Problem to solve: Copy out each line of the data that contains "Hand".

------ Raw data ------

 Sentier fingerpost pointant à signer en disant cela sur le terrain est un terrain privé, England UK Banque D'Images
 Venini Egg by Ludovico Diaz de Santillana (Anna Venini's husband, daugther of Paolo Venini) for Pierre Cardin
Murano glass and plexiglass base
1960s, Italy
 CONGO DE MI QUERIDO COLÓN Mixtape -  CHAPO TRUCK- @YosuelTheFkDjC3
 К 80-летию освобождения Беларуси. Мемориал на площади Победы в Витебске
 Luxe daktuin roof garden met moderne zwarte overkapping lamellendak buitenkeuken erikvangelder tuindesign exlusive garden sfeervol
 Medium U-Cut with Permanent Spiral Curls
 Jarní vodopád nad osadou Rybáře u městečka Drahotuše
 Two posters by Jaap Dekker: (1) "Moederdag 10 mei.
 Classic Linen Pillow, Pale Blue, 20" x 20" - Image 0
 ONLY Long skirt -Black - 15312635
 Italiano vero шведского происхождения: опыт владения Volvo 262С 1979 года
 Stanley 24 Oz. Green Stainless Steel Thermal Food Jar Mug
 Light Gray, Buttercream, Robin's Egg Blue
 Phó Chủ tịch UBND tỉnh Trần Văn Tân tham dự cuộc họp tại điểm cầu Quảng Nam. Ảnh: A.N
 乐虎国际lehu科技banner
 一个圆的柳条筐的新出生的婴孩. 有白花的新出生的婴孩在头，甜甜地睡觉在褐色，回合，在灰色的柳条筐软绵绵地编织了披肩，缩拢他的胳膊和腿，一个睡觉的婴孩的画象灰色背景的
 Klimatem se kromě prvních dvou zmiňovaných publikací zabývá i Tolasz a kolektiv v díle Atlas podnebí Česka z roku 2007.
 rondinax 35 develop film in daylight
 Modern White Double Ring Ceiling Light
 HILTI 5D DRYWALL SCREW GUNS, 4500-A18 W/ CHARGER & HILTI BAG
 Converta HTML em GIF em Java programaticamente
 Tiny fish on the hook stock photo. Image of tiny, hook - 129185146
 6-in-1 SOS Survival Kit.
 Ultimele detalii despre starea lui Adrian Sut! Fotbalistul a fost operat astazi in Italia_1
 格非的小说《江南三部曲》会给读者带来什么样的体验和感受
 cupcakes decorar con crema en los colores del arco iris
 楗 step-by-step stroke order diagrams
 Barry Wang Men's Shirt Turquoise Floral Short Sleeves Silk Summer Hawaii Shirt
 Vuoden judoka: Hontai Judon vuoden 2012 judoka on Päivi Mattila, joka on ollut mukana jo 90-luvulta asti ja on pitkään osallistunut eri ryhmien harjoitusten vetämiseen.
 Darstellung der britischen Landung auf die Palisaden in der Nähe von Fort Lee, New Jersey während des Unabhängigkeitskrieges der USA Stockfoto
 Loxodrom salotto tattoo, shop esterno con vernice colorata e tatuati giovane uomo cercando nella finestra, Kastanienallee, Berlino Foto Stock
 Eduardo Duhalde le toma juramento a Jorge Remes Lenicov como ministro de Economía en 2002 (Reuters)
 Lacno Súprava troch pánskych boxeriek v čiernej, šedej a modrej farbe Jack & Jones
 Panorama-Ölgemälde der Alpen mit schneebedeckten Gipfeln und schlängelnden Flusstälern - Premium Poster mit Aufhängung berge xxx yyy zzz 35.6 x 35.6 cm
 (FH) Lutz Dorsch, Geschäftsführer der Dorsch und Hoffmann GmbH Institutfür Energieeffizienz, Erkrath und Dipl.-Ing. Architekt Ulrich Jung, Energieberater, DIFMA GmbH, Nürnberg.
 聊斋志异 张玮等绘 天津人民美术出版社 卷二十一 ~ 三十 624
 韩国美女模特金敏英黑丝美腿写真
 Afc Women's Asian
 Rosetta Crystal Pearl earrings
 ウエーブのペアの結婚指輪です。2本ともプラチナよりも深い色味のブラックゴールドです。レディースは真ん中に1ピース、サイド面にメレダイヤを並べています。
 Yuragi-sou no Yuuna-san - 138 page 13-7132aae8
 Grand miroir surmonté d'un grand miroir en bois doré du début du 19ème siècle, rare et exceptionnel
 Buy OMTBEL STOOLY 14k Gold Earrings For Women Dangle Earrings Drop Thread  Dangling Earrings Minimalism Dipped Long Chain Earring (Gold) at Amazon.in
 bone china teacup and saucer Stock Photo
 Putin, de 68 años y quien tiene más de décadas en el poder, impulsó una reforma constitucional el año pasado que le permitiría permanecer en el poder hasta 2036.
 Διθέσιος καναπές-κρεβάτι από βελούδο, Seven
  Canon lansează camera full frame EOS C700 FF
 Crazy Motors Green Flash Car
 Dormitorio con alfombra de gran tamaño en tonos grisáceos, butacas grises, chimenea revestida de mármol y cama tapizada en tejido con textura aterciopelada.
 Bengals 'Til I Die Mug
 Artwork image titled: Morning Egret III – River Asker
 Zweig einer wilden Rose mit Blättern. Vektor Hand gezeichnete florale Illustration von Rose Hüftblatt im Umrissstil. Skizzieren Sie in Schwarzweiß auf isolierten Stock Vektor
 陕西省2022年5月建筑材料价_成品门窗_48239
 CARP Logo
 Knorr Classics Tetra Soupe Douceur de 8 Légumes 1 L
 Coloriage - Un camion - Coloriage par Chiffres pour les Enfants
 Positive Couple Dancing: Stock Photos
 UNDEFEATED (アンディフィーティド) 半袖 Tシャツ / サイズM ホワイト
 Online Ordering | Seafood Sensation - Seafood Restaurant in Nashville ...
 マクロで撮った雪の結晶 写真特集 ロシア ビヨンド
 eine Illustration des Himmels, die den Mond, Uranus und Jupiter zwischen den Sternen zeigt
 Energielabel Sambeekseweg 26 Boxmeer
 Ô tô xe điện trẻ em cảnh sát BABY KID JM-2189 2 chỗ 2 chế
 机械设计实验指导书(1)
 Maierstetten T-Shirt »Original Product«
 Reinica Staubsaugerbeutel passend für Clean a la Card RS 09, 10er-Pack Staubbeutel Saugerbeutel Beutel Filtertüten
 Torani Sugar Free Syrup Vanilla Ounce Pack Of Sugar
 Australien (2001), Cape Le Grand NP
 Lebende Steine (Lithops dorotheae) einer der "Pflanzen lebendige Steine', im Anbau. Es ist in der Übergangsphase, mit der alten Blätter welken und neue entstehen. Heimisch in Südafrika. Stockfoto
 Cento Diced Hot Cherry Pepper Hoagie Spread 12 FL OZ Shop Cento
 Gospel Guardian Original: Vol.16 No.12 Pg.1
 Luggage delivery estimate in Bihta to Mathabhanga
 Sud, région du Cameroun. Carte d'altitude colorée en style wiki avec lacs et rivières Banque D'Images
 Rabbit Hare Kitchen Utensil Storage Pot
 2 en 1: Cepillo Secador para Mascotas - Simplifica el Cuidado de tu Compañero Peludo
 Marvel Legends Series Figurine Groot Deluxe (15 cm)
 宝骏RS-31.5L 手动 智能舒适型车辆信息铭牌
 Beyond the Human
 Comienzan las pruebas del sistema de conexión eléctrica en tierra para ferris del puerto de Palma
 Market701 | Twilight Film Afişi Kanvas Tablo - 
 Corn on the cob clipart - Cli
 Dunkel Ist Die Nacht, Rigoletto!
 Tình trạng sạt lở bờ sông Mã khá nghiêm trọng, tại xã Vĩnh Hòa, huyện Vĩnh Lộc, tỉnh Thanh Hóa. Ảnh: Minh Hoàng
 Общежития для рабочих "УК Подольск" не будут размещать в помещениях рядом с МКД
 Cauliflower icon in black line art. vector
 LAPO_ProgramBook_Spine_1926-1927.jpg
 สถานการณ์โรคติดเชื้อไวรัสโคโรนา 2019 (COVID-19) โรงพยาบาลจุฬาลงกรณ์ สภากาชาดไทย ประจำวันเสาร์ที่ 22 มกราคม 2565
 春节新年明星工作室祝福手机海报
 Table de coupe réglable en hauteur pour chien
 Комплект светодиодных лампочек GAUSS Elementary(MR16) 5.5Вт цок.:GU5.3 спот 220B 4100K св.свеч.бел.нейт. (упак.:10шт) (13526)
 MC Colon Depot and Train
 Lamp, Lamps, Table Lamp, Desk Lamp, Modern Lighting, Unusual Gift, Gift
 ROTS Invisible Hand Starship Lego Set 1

------

Result for this task:
 Zweig einer wilden Rose mit Blättern. Vektor Hand gezeichnete florale Illustration von Rose Hüftblatt im Umrissstil. Skizzieren Sie in Schwarzweiß auf isolierten Stock Vektor
 ROTS Invisible Hand Starship Lego Set 1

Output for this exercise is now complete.